Cole, Juan and Keddie, Nikki, edited by, Shi’ism and Social Protest, New Haven and London: Yale University Press, 1986
Shi’ism and Social Protest is an anthology edited by Juan Cole and Nikkie Keddie. Its purpose was to try to fill the gap in academia about Shiite activism across Asia, which was dominated by the Iranian Revolution and little else. Like any collection the book has its ups and downs. There are good chapters on Shiism across the Middle East, Iran and Lebanon. Those are contrasted with a chapter on Egypt that doesn’t have to do with Shiites and another on how Soviet scholars viewed Shiite movements both of which seemed out of place. There’s also a selection on the Dawa party of Iraq which gets a lot of the details about the group wrong. Shi’ism and Social Protest was also published in 1986 which means it can provide some background, but some of it is also out of date.
The best part of the book are the chapters on Iran and Lebanon. The first deals with how the Iranian Revolution upset the status quo in the Middle East and was seen as a threat by countries like Iraq leading to the Iran-Iraq War, the Saudis who believed Tehran was stirring up its Shiite population, and the Gulf States after an attempted uprising in Bahrain in 1981. Then there’s a chapter analyzing what kind of regime Khomeini led. It used the phrase authoritarian populism with a mass base amongst the poor which was able to displace the liberal, secular and other Islamist elements of the Iranian Revolution and solidify its hold over the state. Finally, there are two chapters on Lebanon focusing upon Musa al-Sadr and the Amal movement. They emerged out of the interplay between Christian militias, Palestinians, and two Israeli invasions. There are two chapters on Lebanon however which cover the exact same material and the second one doesn’t add much to the first so it was an odd decision to include both. Arab countries around the Persian Gulf still see Iran as a threat to this day and there’s good information attempting to explain the Iranian Revolution.
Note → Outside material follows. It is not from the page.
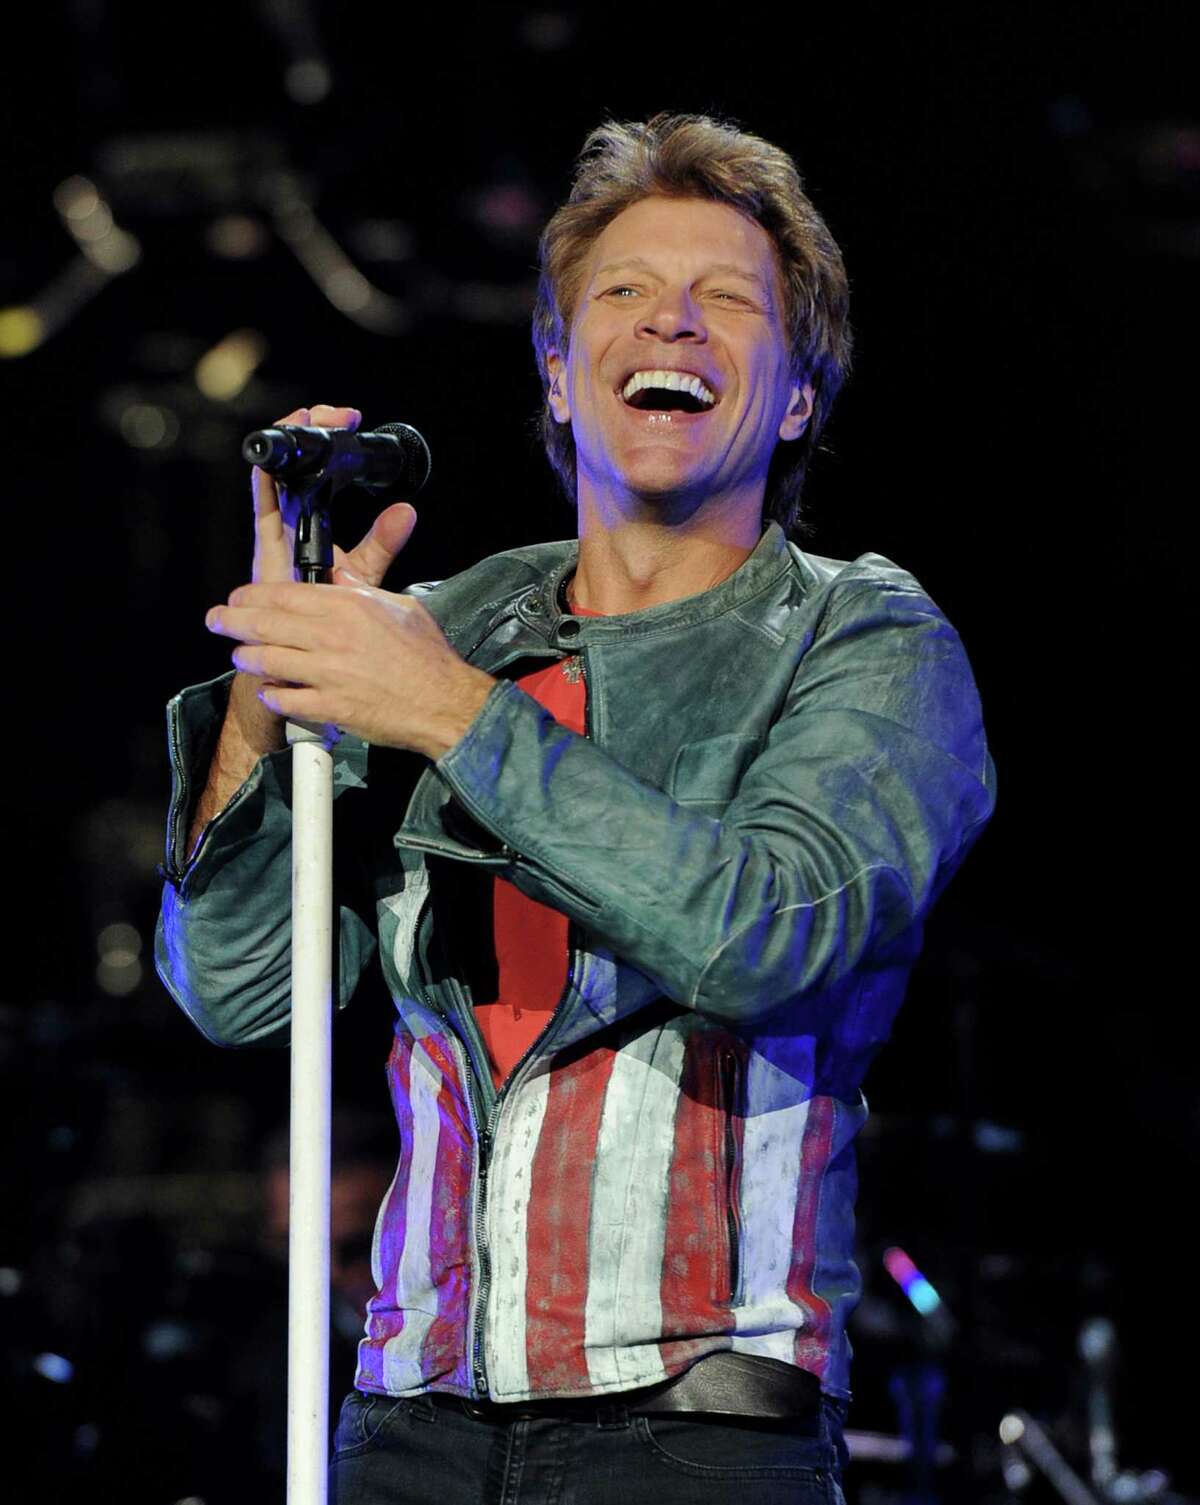 Musician Jon Bon Jovi performs at The Staples Center on October 11, 2013 in Los Angeles, California.

There are some selections which have not stood up to the test of time. The chapter by famed Iraqi researcher Hanna Batatu on the Dawa Party of Iraq is a case in point. Batatu starts off fine pointing out the rise of Communism in the 1940s and secularism greatly reduced the number of religious Shiites. Then the Arif government was considered sectarian. That all led to the birth of Dawa Iraq’s first religious Shiite party. Then the rest of the history of the group is mostly wrong. Batatu for instance claims that Ayatollah Mohammed Baqir al-Sadr was not associated with the party at first when it was formed in the 1950s and the two didn’t come together until the Iranian Revolution. He also wrote that Dawa spread through Karbala and Baghdad. More contemporary research shows that Sadr was the spiritual leader of Dawa from the start and that Dawa was seen as a Najaf based party and faced opposition in other cities as a result. There was hardly any information on the party when Batatu was writing because it had been forced underground by Saddam and then into exile, so the article was a reflection of its period.
Finally, there are chapters that just don’t seem to belong in such a volume. There’s a chapter on Iran’s influence upon opposition parties in Egypt for instance that focuses upon the Muslim Brotherhood that supported the Iranian Revolution and a left Islamic leader. Neither of those were Shiite so what is it doing in a book about that community? Then the closing section is on how Soviet scholars viewed Shiites. Again, this is not about Shiite movements so why was it included?
Overall, Shi’ism and Social Protest has some interesting chapters but it’s pretty inconsistent. This is part and parcel of any anthology and this is no exception.